Carmelo Anthony, Raymond Felton, Doc Rivers and Jeff Green talk about the brief skirmish after Game 5 and the war of words that is heating up between the Knicks and Celtics. Videojournalist: Robert Cassidy (May 1, 2013)

Halfway toward making NBA history, the Celtics walked off the Madison Square Garden court Wednesday night so giddy that some postgame trash-talking with the Knicks almost incited a fight.

Inside the locker room, Kevin Garnett tried to restore order.

No team in NBA history has ever come back from a 3-0 deficit in a best-of-seven postseason series, and Garnett reminded everyone that the Celtics -- now trailing 3-2 -- still are a long way from becoming the first.

"I don't know what everyone is talking about, getting comfortable and feeling good," Garnett said. "We're down 3-2. It's not like we evened it up. We're going home down 3-2, so I don't know how that's feeling comfortable."

Garnett, who turns 37 this month, has been playing this game long enough to know momentum can be especially fickle in a postseason series. So the last thing he wants the Celtics to do is rile up a Knicks team that could be feeling the pressure of potentially blowing a 3-0 lead.

"We're not getting overexcited," Paul Pierce said. "That's the thing."

Of course, these are the same Celtics who, after avoiding the sweep last Sunday in Boston, spoke so freely about how all the pressure is on the Knicks to close out this first-round series.

But after reserve Jordan Crawford exchanged words with Carmelo Anthony and Raymond Felton on the court after Game 5, Boston's veterans stressed the importance of focusing only on themselves, not wanting to do anything more that might get the Knicks out of their sudden funk.

"I really don't care about their mindset, what they're going through," Jason Terry said when asked if the Knicks now are feeling the pressure. "Every game is a Game 7 for us. If we lose, it's over."
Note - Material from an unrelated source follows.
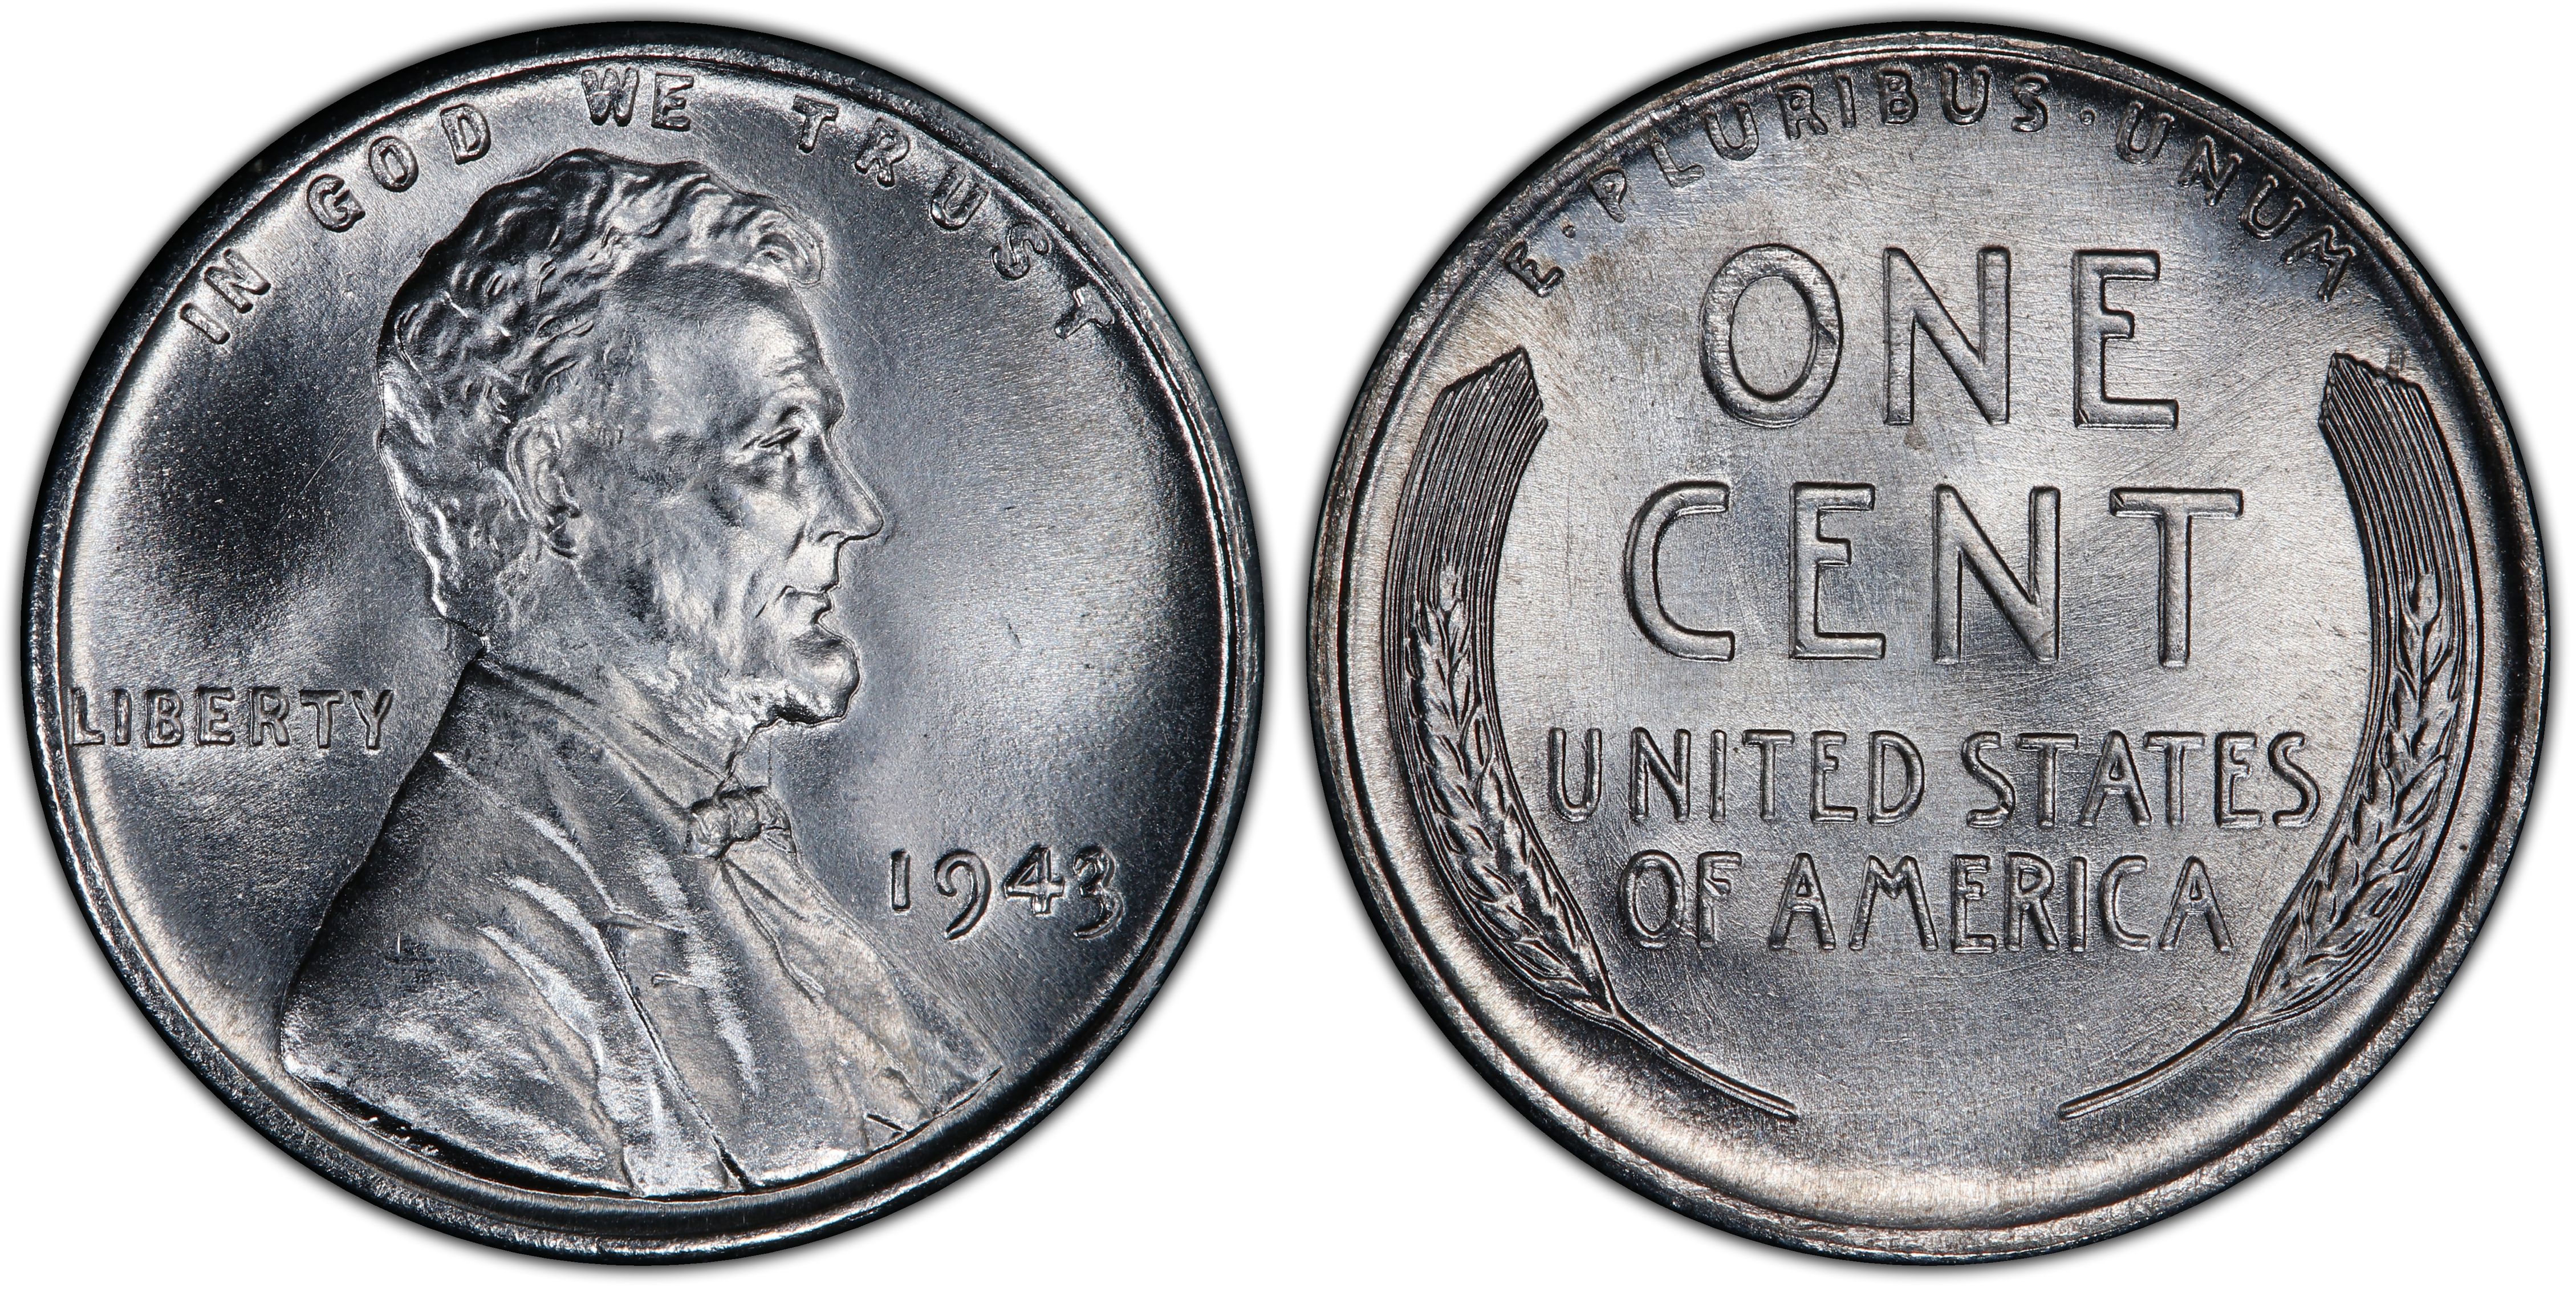 1943 Steel Lincoln Penny - Courtesy of Professional Coin Grading Services

Only three of 105 teams have even forced a Game 7 in the NBA after trailing 3-0, so the Celtics know they still are facing an uphill climb beginning with Game 6 Friday night in Boston.

"For us, it's all about being resilient," Terry said. "Do you want to pack up your bags and go home or do you want to play another game?"

That the 2004 Red Sox came back from a 3-0 postseason deficit to beat the Yankees and reach the World Series is not lost on these players.

Asked about the Red Sox becoming the only baseball team to climb that mountain, Terry said David Ortiz is a neighbor and that their children play together, so he's "very familiar with what they did and the history they accomplished."

Might the Celtics follow the Red Sox's lead?

"We win this next game," he said, "and then anything's possible."